Doctrina enteramente trasladable al caso analizado, y que determina la corrección de la resolución del SPEE objeto de impugnación en la demanda, ya que, como se adelantaba, independientemente de los efectos predicables de la realización de un trabajo remunerado durante la percepción de desempleo, la extinción del mismo contra el que se acciona no se sustentaba en dicha circunstancia, sino en la comisión de una infracción contemplada en el art. 26.2 de la LISOS, la cual lleva directamente aparejada dicha extinción conforme a lo dispuesto en el art. 47.1.c) de esa misma Ley.
Vistos los indicados preceptos legales y los demás de general y pertinente aplicación.
Fallo
Que desestimando el Recurso de Suplicación interpuesto por la representación Letrada de D. Camilo, contra la sentencia dictada por el Juzgado de lo Social nº 2 de Ciudad Real, de fecha 20 de noviembre de 2023, en Autos nº 156/2022, sobre extinción de prestación de desempleo, siendo recurrido el Servicio Público de Empleo Estatal, debemos confirmar la indicada resolución. Sin costas.
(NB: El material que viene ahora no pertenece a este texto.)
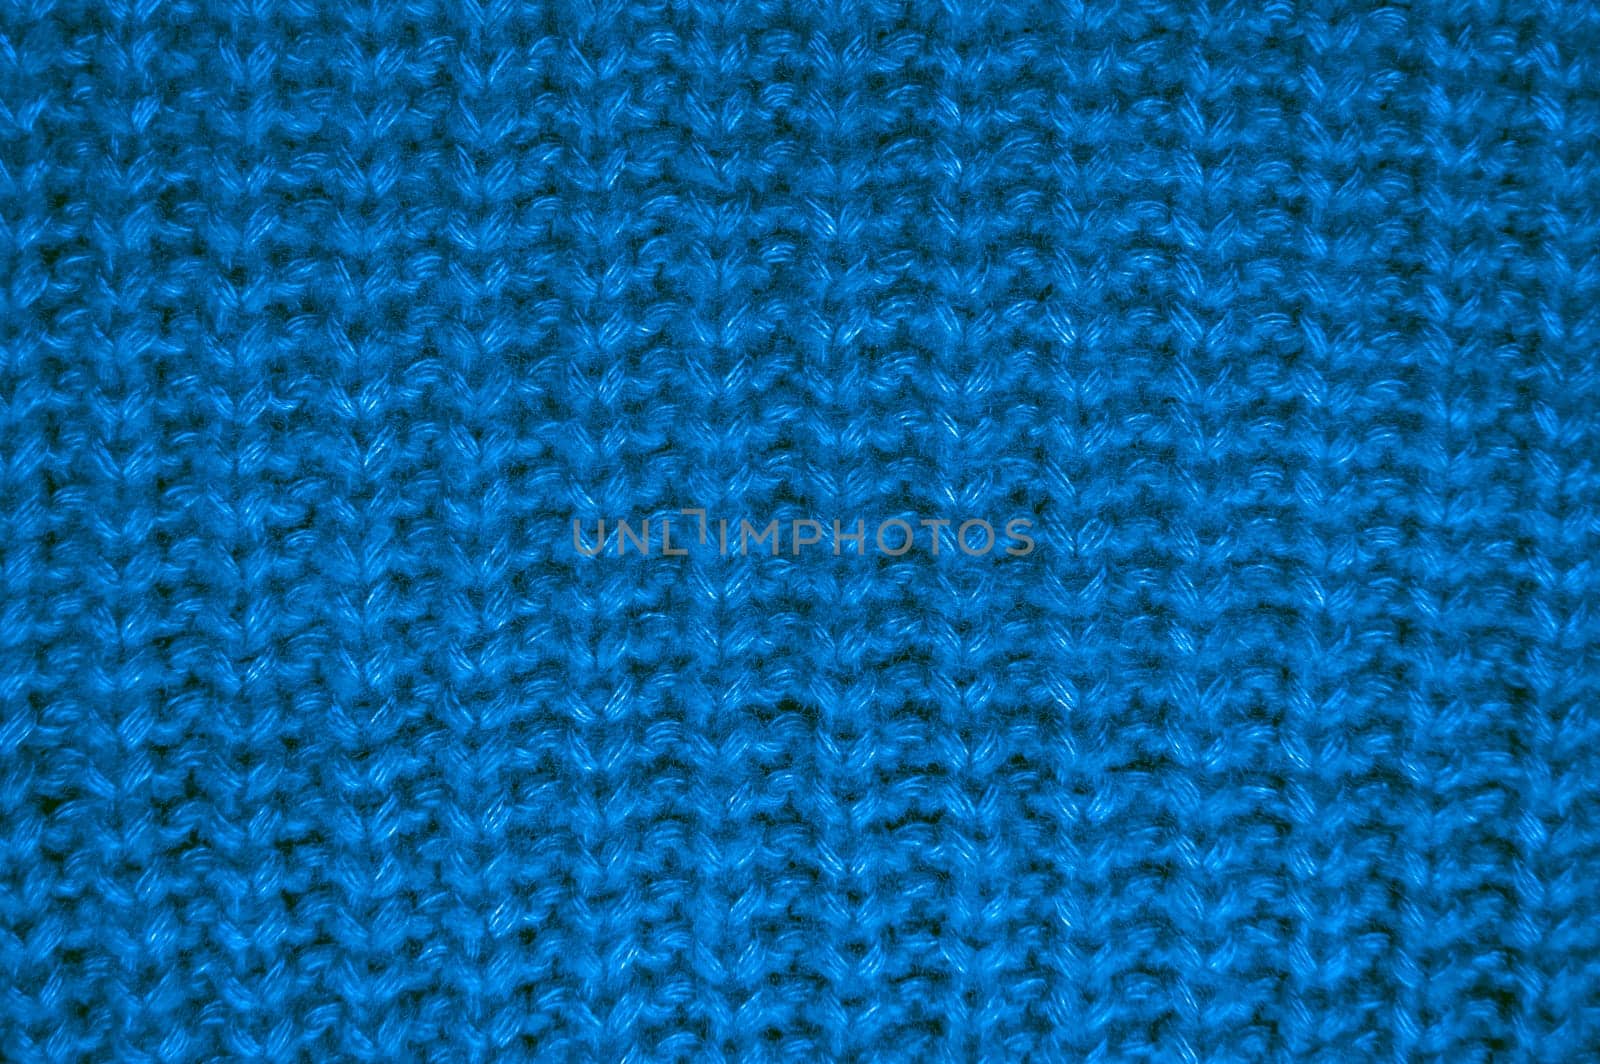 Structure Knitted Background. Abstract Wool Pullover. Jacquard Xmas Sweater. Fiber Knitted Texture. Macro Thread. Scandinavian Winter Blanket. Cotton Print Wallpaper. Knitting Texture.
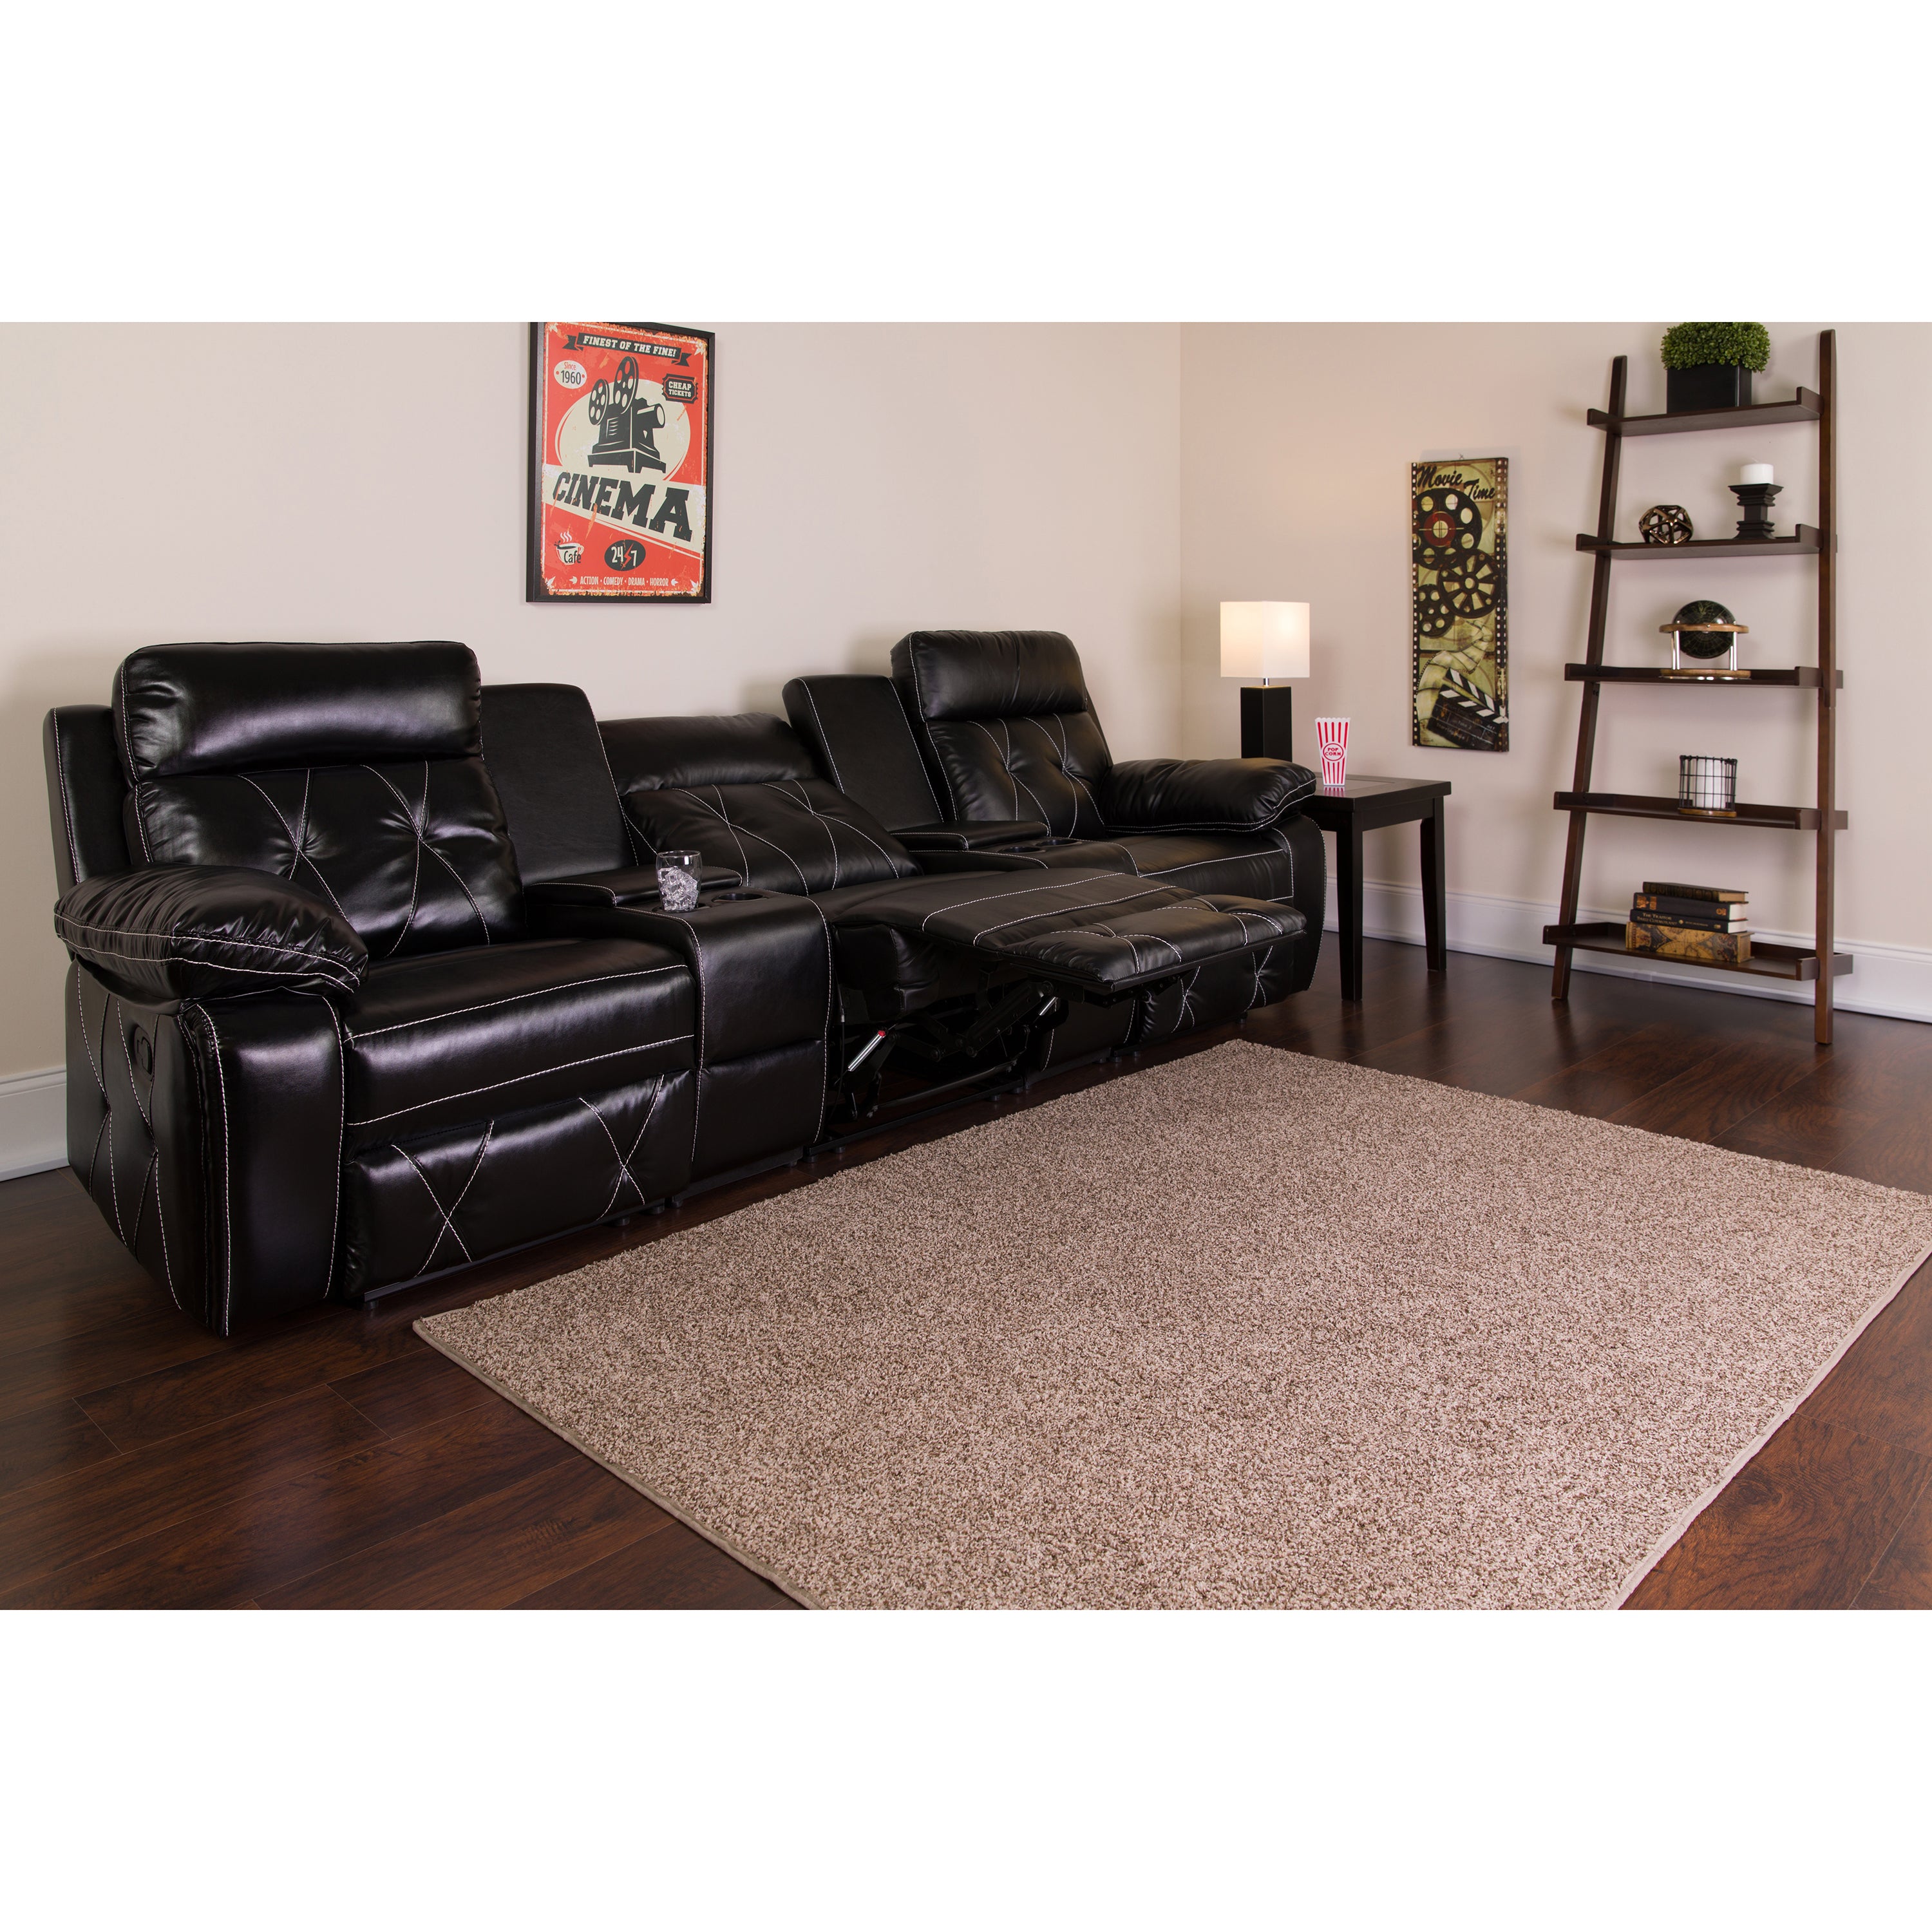 Reel Comfort Series 3-Seat Reclining LeatherSoft Theater Seating Unit with Straight Cup Holders-Theater Seating-Flash Furniture-Wall2Wall Furnishings

Notifíquese la presente resolución a las partes y a la Fiscalía del Tribunal Superior de Justicia de Castilla-La Mancha en Albacete, haciéndoles saber que contra la misma únicamente cabe
Así por esta nuestra Sentencia, lo pronunciamos, mandamos y firmamos.
La difusión del texto de esta resolución a partes no interesadas en el proceso en el que ha sido dictada sólo podrá llevarse a cabo previa disociación de los datos de carácter personal que los mismos contuvieran y con pleno respeto al derecho a la intimidad, a los derechos de las personas que requieran un especial deber de tutelar o a la garantía del anonimato de las víctimas o perjudicados, cuando proceda.
Los datos personales incluidos en esta resolución no podrán ser cedidos, ni comunicados con fines contrarios a las leyes.